- _Extracted information_:
☆ ☆ ☆ ☆ ☆
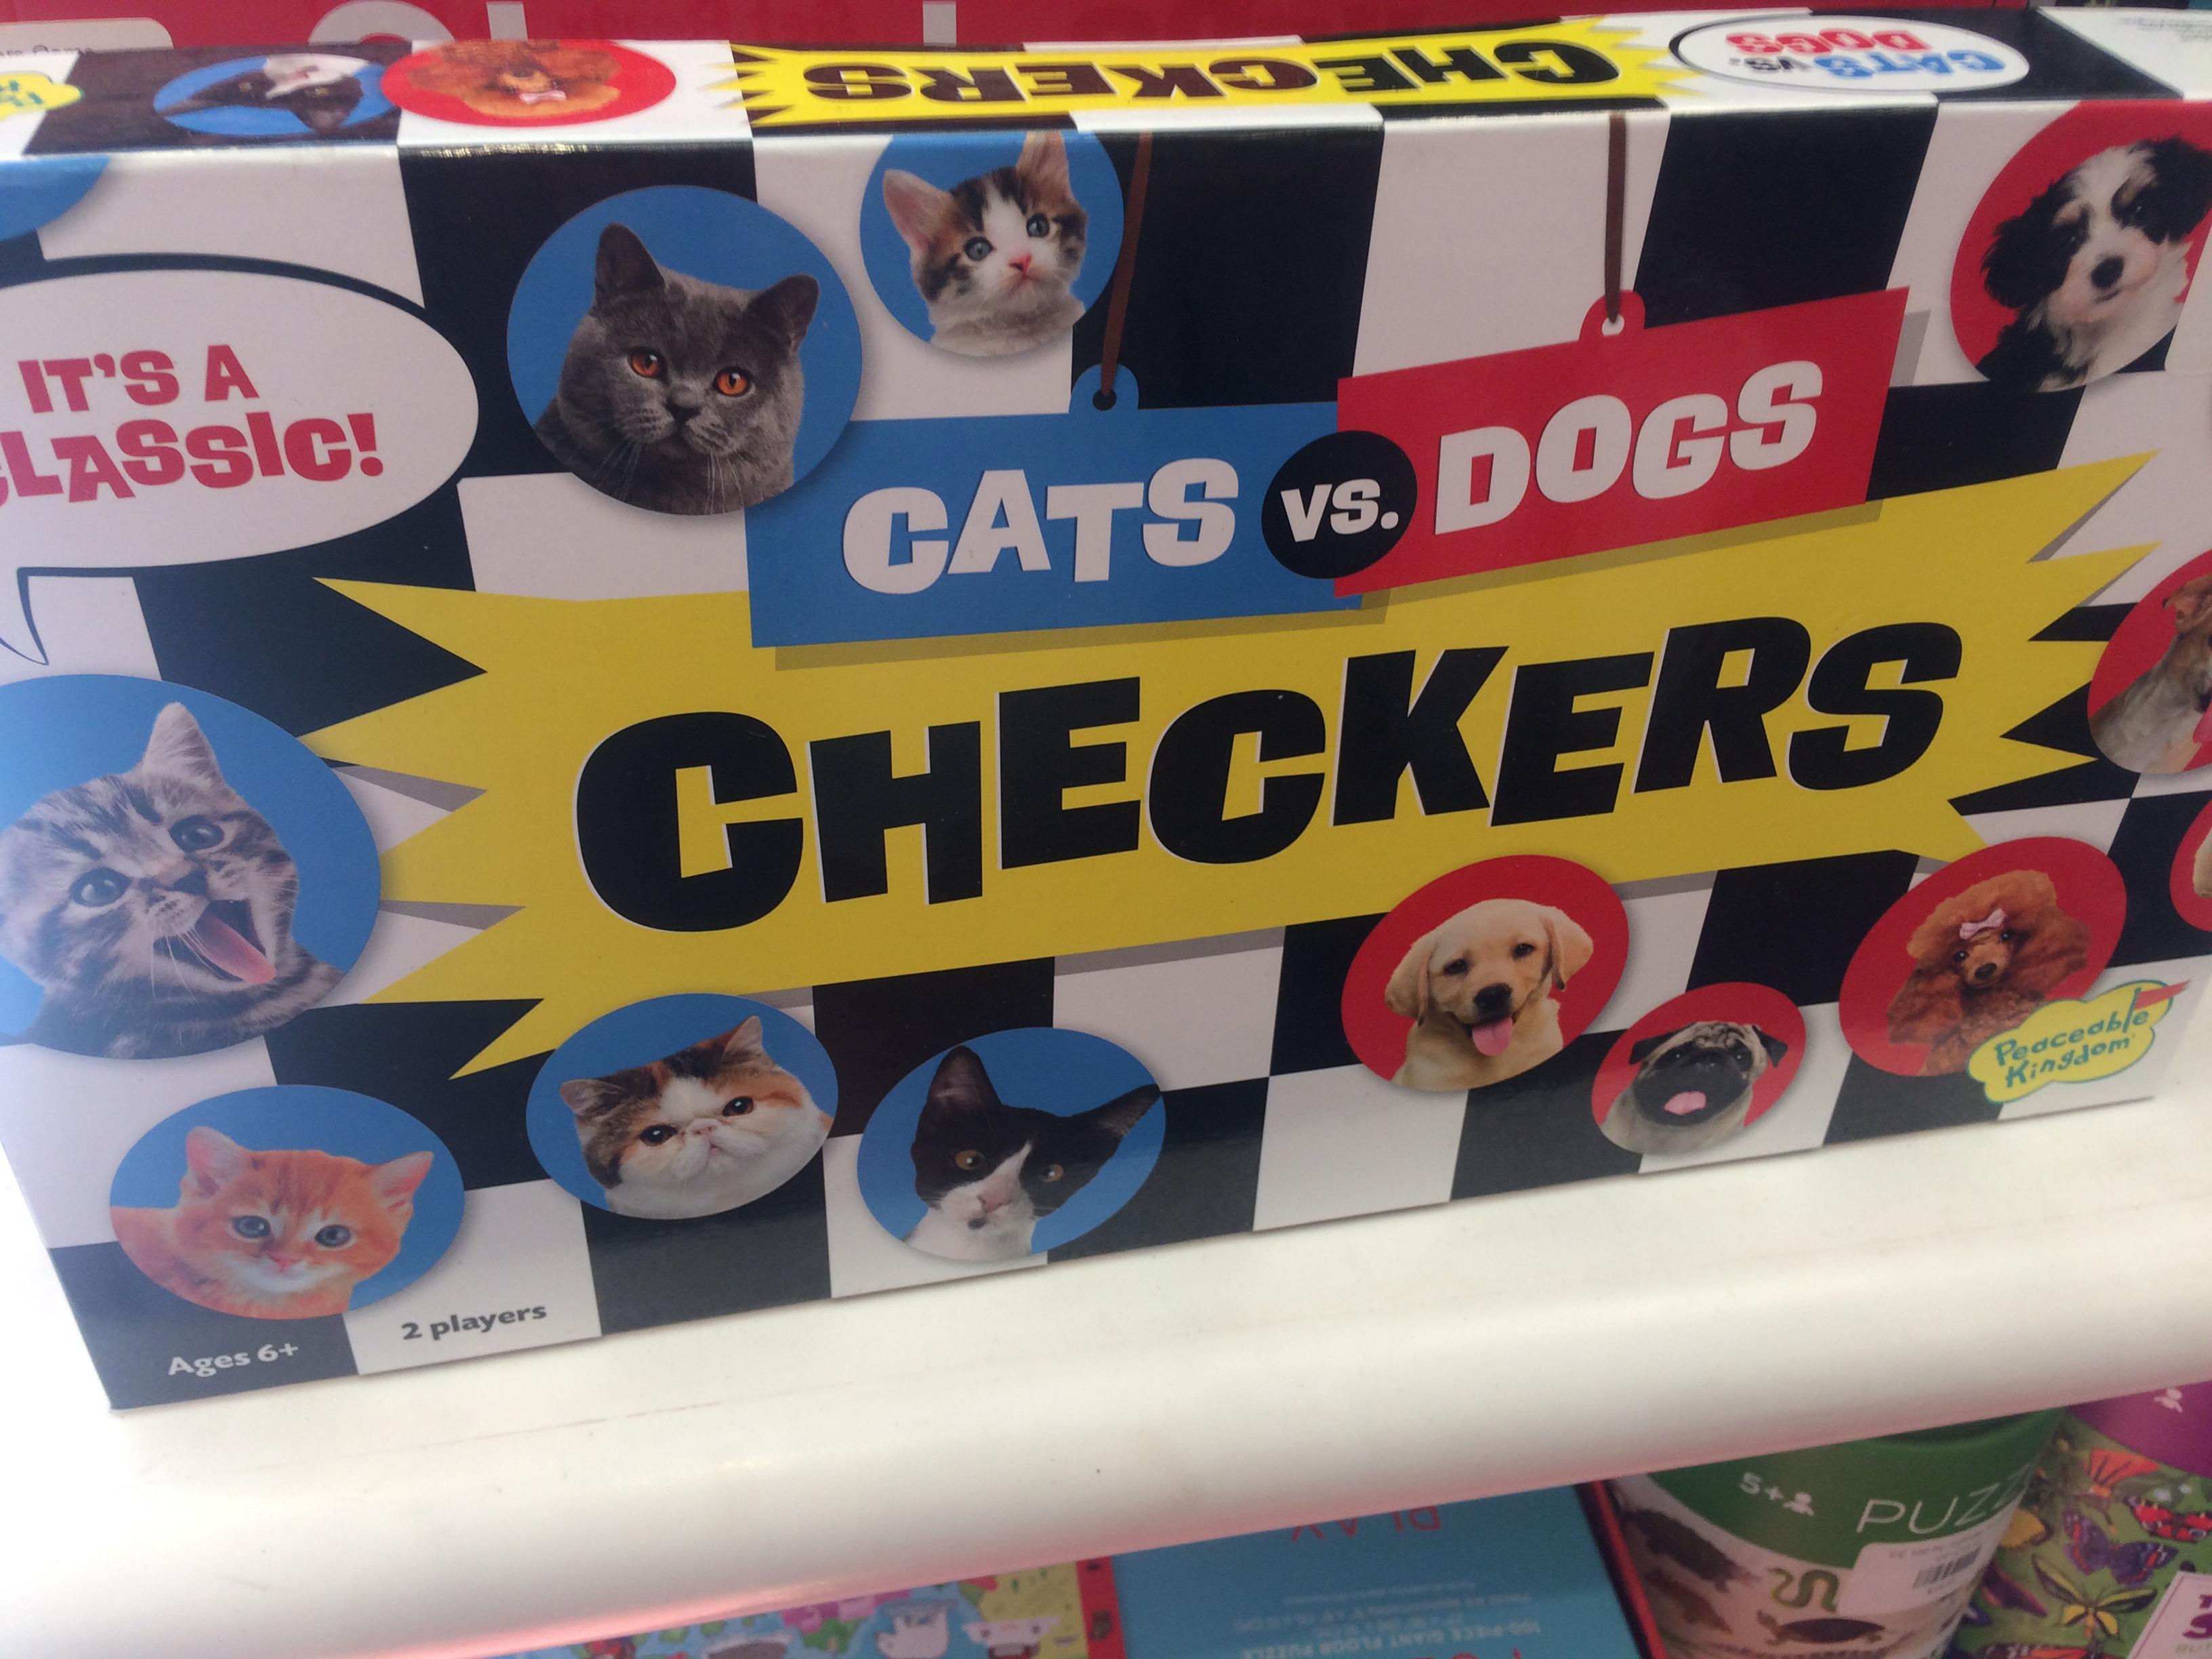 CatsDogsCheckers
☆ ☆ ☆ ☆ ☆
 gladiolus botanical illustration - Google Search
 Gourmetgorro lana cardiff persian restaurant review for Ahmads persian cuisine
☆ ☆ ☆ ☆ ☆
- _Task requirements_: The expected answer is an exact copy of the lines above, beginning at the line with "gladiolus botanical illustration" and ending at the line with "Gourmetgorro lana cardiff", with both ends in.

- _Result of the task_:
 gladiolus botanical illustration - Google Search
 Gourmetgorro lana cardiff persian restaurant review for Ahmads persian cuisine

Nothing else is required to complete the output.